In the case of companies with a nominal capital of more than fifty million German marks, the articles of association or partnership agreement may stipulate that the supervisory board shall consist of twenty-one members. The provisions of sections 4 to 8 shall apply mutatis mutandis, provided that the number of additional members referred to in section 4 (1) letters a and b shall be two each, the number of workers to be elected in accordance with section 6 (1 and 2) shall be three and the number of employee representatives referred to in section 6 (3) shall be four.

§ 10

The Supervisory Board shall constitute a quorum if at least half of its members are present.

§ 11

Sections 87 (2) and 88 (4) of the Stock Corporation Act shall apply to the members of the Supervisory Board referred to in § 5.

Section 87 (2) of the Stock Corporation Act shall apply to the members of the Supervisory Board referred to in § 6, subject to the proviso that dismissal shall be effected on the proposal of the body on whose proposal the Supervisory Board member was elected.
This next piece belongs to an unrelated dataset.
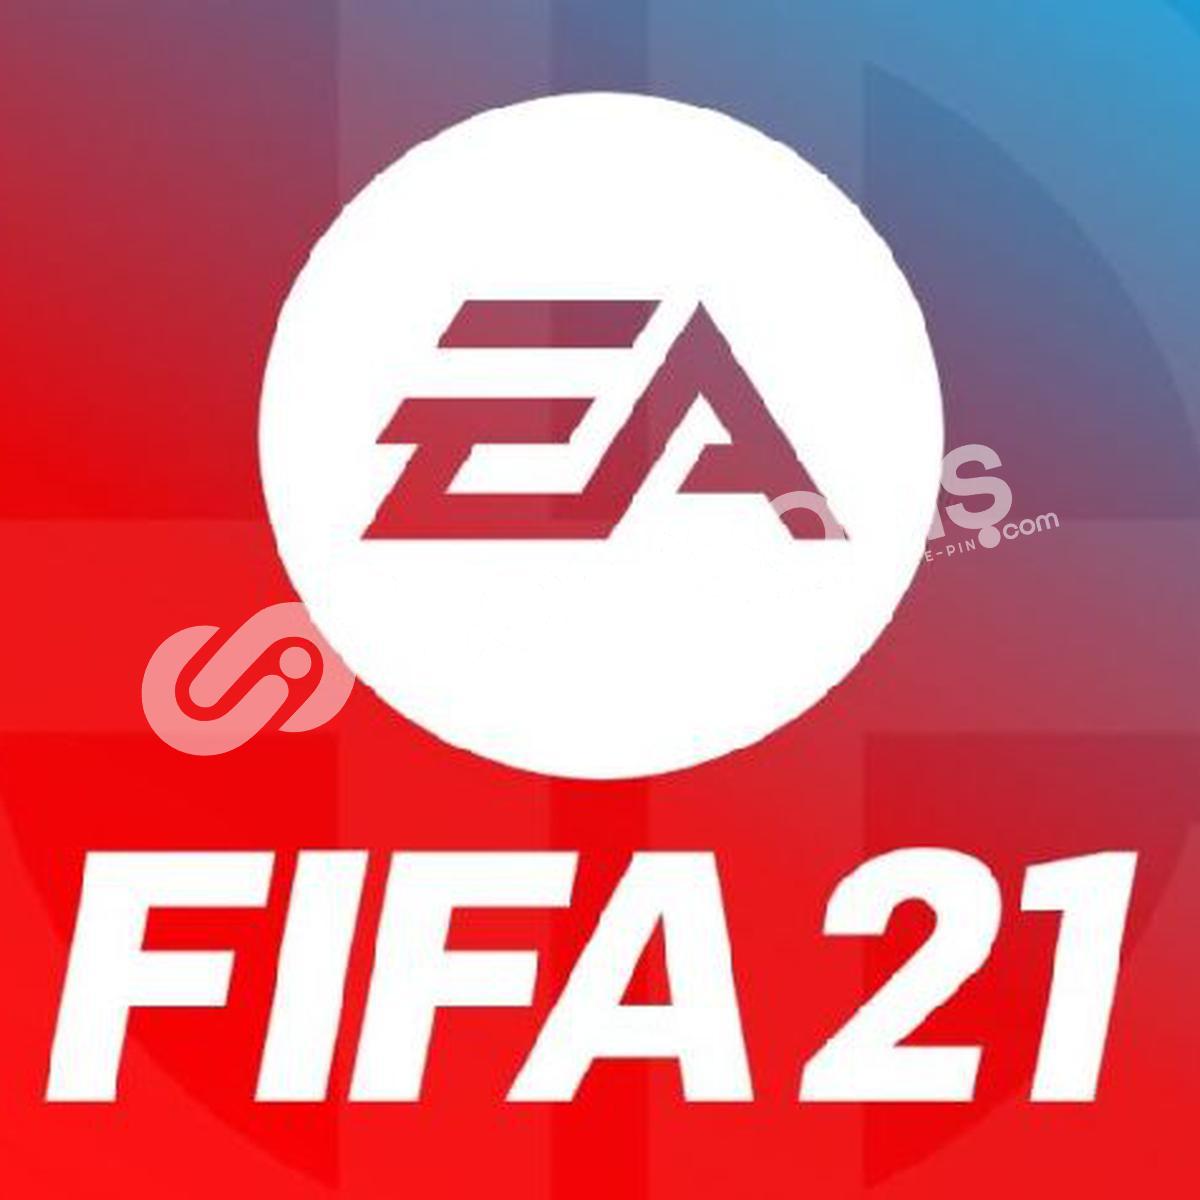 FIFA 2021 4.99tl! (GARANTİLİ)

A member of the Supervisory Board referred to in § 8 may be dismissed by the court for cause upon application by at least three members of the Supervisory Board.

Part Three

Management Boards

§ 12

The appointment of the members of the body appointed to legally represent the Company and the revocation of their appointment shall be made by the Supervisory Board in accordance with § 75 of the Stock Corporation Act.

§ 13

A Labor Director shall be appointed as an equal member of the body appointed to represent the Company by law. The Labor Director may not be appointed against the votes of the majority of the Supervisory Board members elected in accordance with § 6. The same shall apply to the revocation of the appointment.

Like the other members of the body appointed to represent the Company by law, the Director of Labor Relations shall perform his duties in the closest possible consultation with the body as a whole. Further details are set out in the Rules of Procedure.

[]

Source or original German text: Bundesgesetzblatt I, 1951, May 23, 1951, pp. 347–350.